### INPUT:
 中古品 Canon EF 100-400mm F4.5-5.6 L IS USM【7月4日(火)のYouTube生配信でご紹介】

--

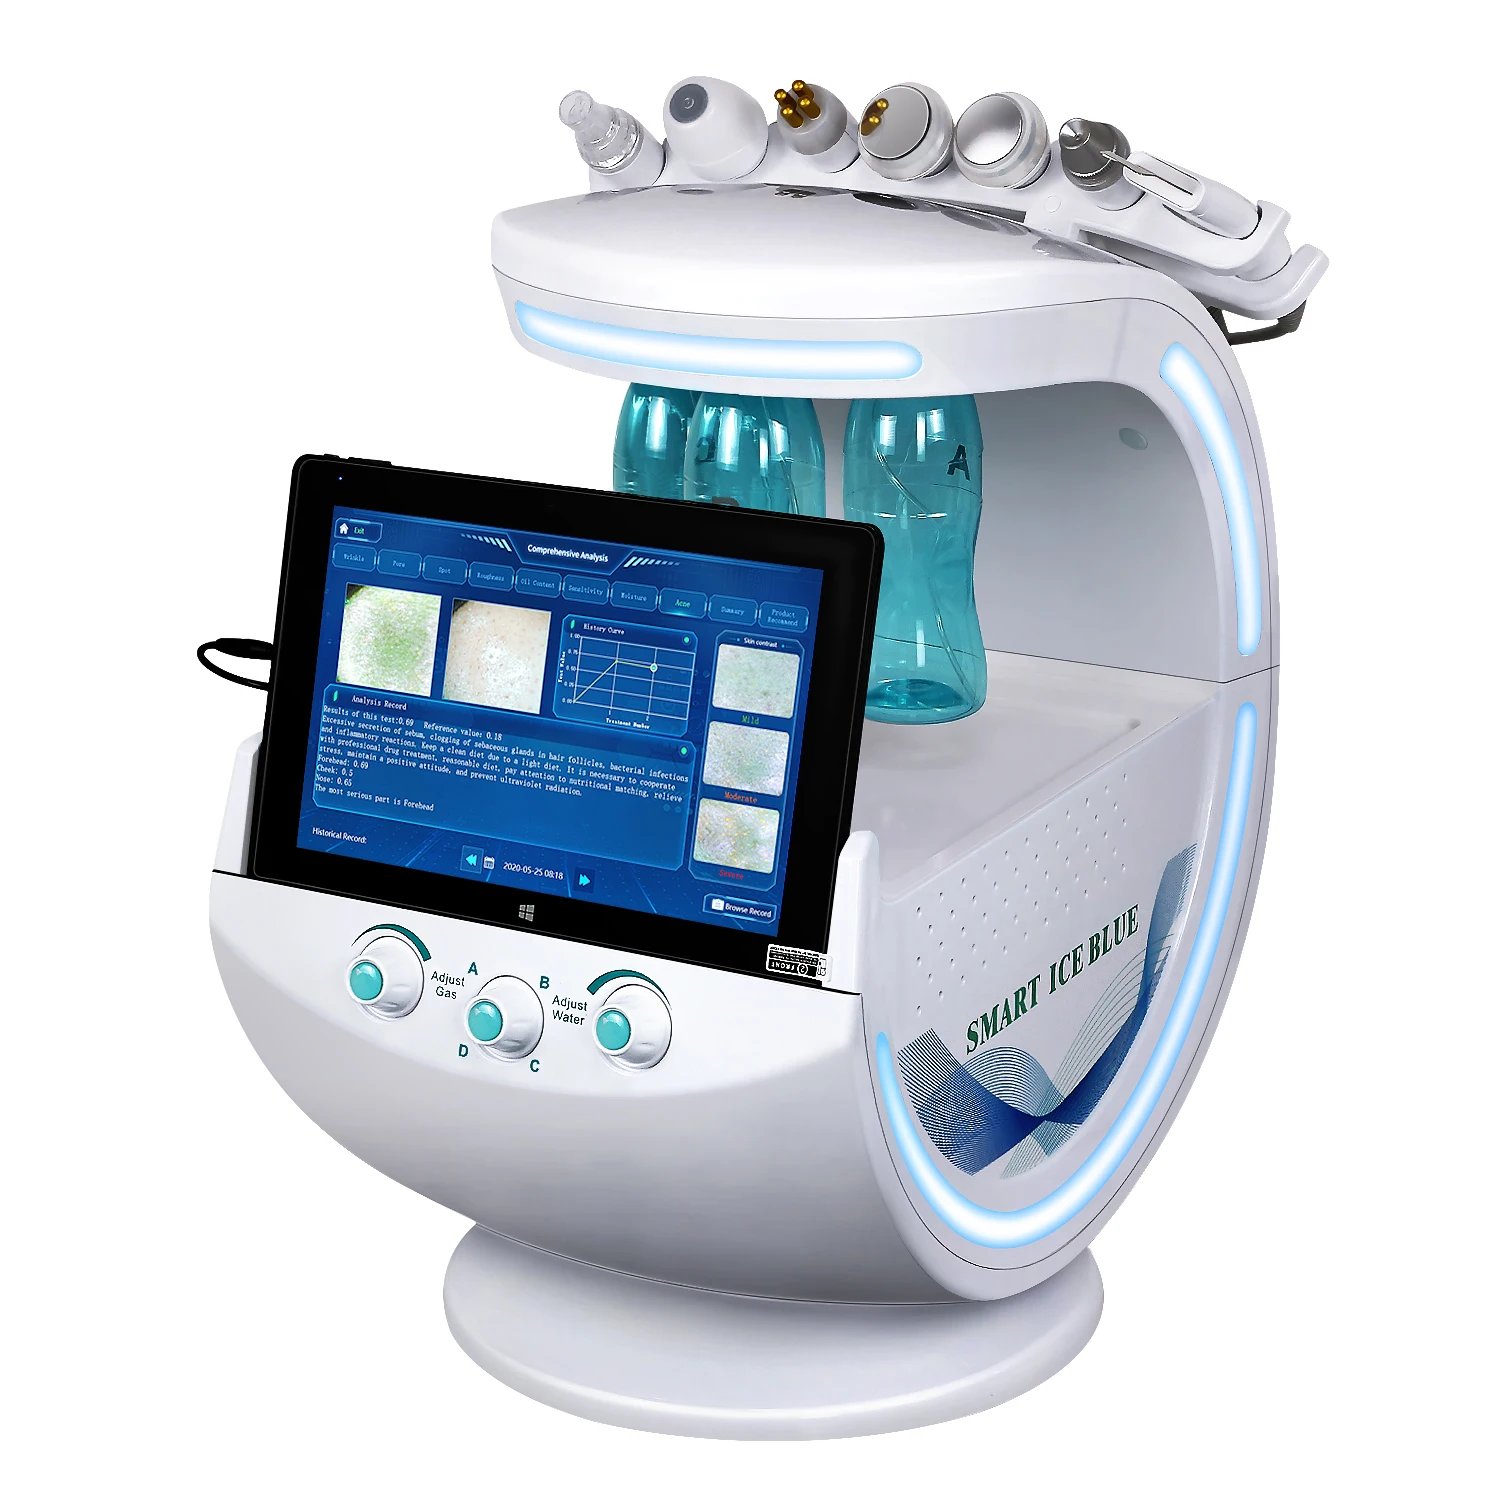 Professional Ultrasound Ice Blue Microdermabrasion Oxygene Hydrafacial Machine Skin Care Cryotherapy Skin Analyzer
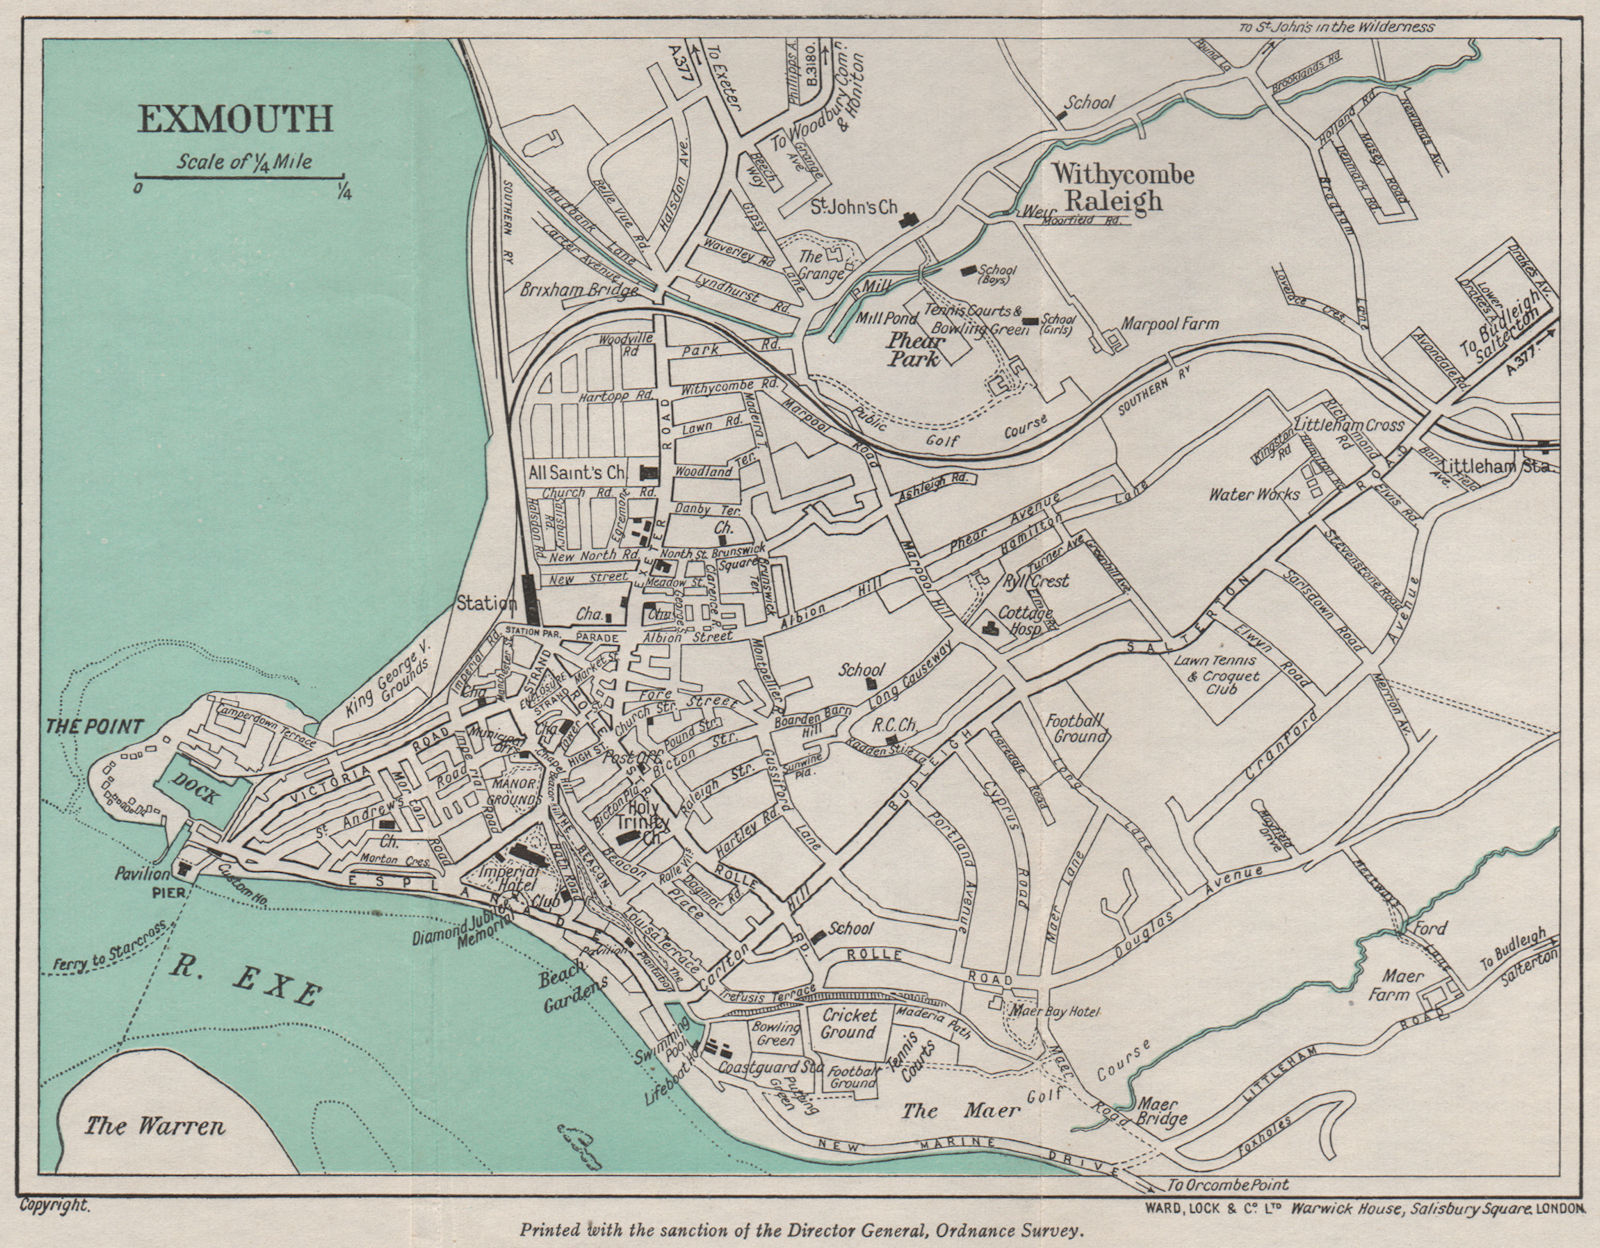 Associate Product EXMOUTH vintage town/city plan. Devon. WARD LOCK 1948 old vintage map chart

### ASSIGNMENT:
Copy word for word the lines above, starting at the line containing "Professional Ultrasound Ice" and ending at the line containing "Associate Product EXMOUTH", inclusive, with no pictures.

### FINISHED TASK:
 Professional Ultrasound Ice Blue Microdermabrasion Oxygene Hydrafacial Machine Skin Care Cryotherapy Skin Analyzer
 Associate Product EXMOUTH vintage town/city plan. Devon. WARD LOCK 1948 old vintage map chart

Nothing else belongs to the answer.